> _Your assignment_: In the listing below, find the line with "Alloy Multi-Layer Elliptical" and the line with "Calpol Sooth &". Repeat those two lines and all lines between them exactly.

-- Input data follows --

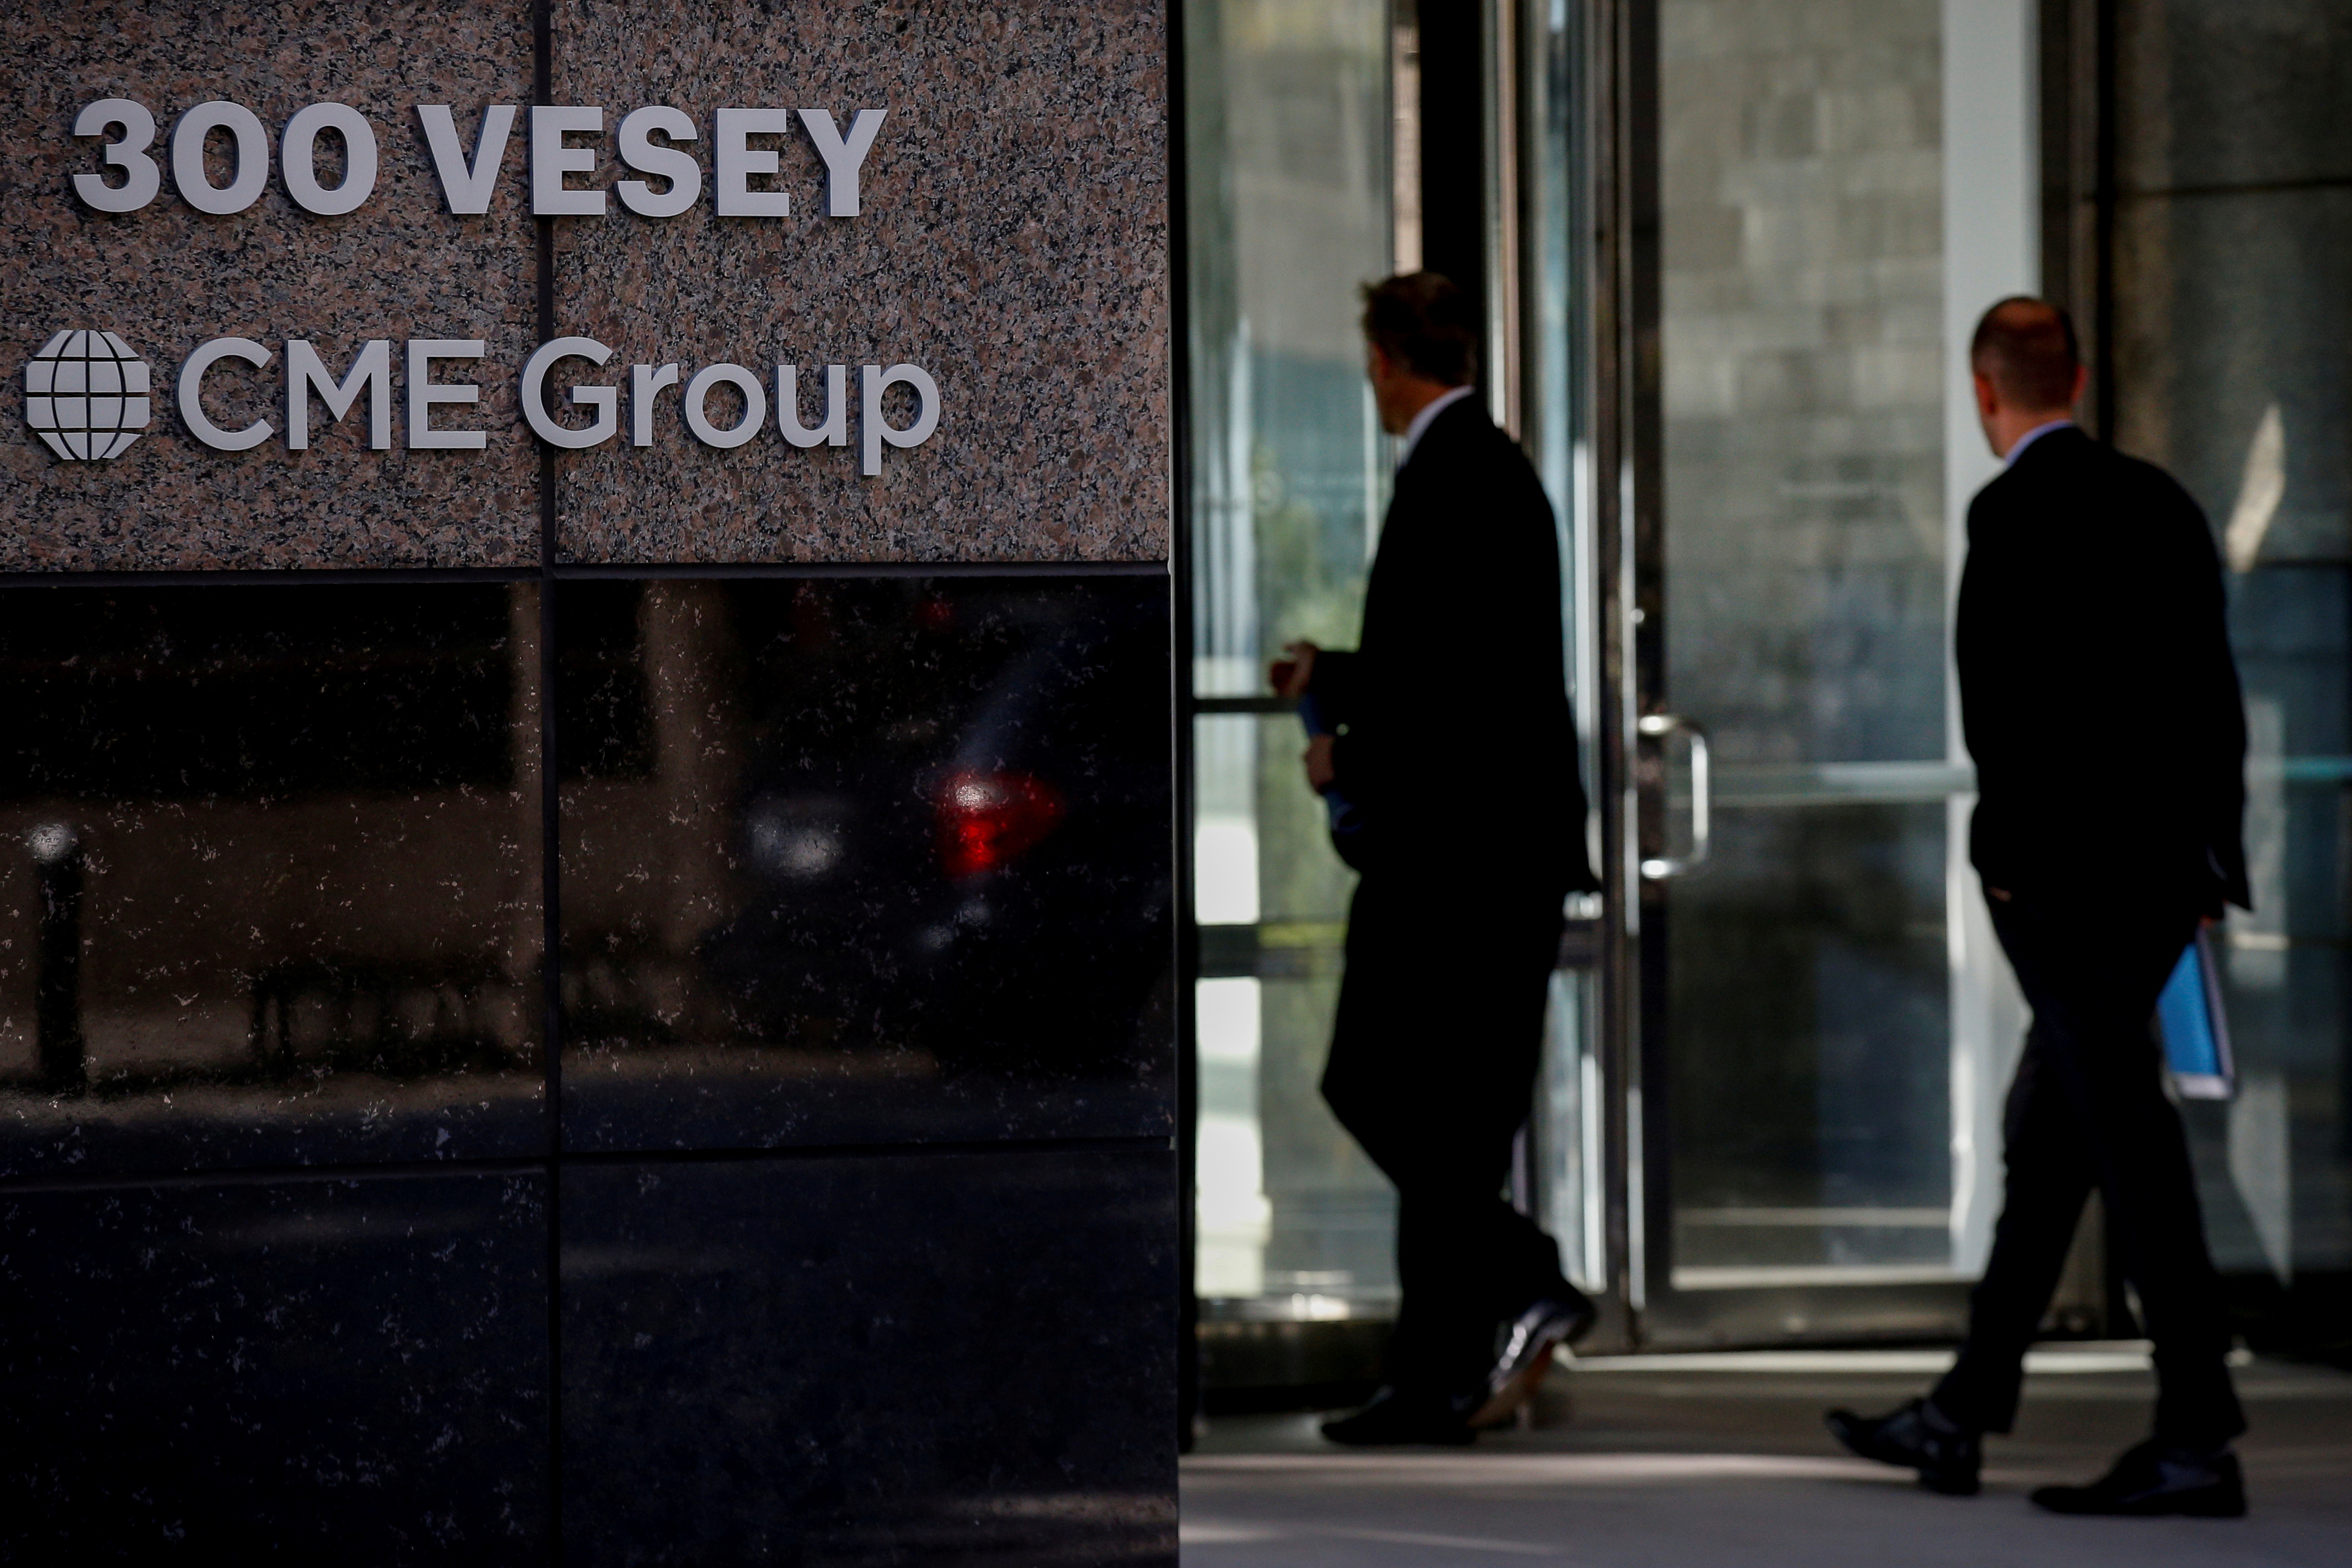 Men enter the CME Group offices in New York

-- Input data concluded --
-- Input data follows --

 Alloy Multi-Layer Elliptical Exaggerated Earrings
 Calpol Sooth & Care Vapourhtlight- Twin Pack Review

-- Input data concluded --
-- Input data follows --

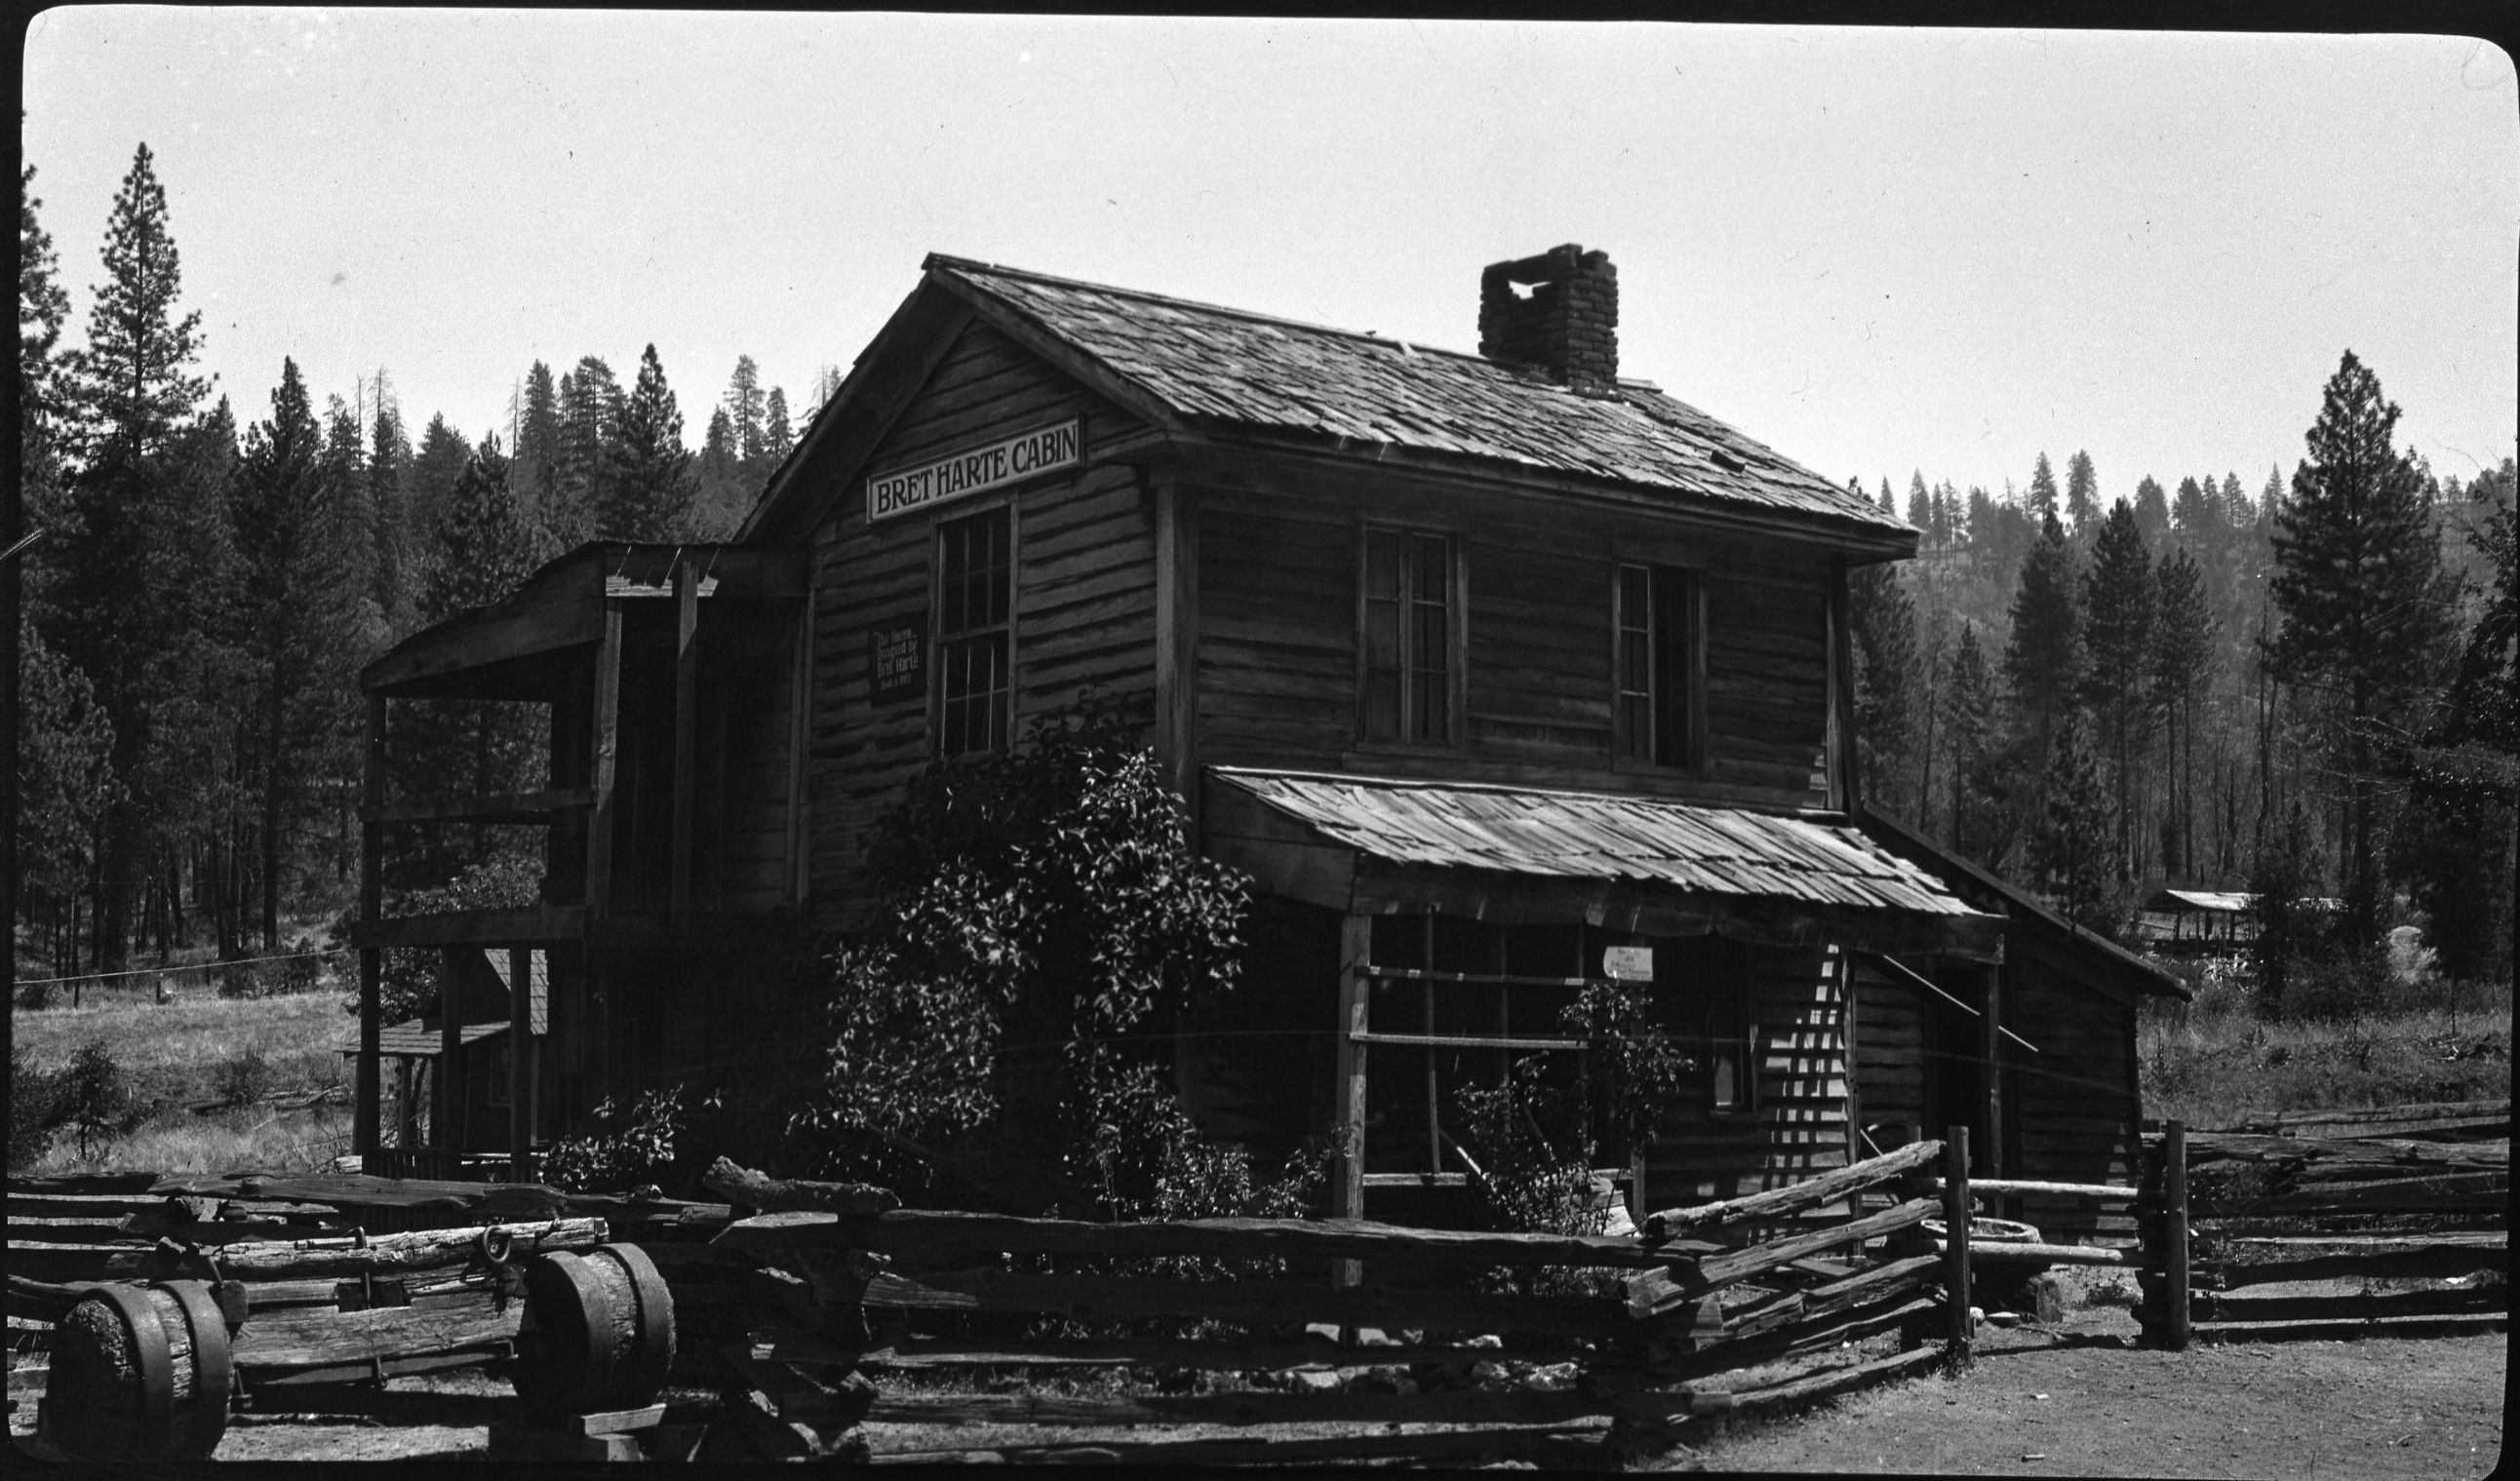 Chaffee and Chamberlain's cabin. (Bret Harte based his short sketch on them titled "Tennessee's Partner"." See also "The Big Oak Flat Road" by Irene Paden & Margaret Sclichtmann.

-- Input data concluded --

> _Completed task_:
 Alloy Multi-Layer Elliptical Exaggerated Earrings
 Calpol Sooth & Care Vapourhtlight- Twin Pack Review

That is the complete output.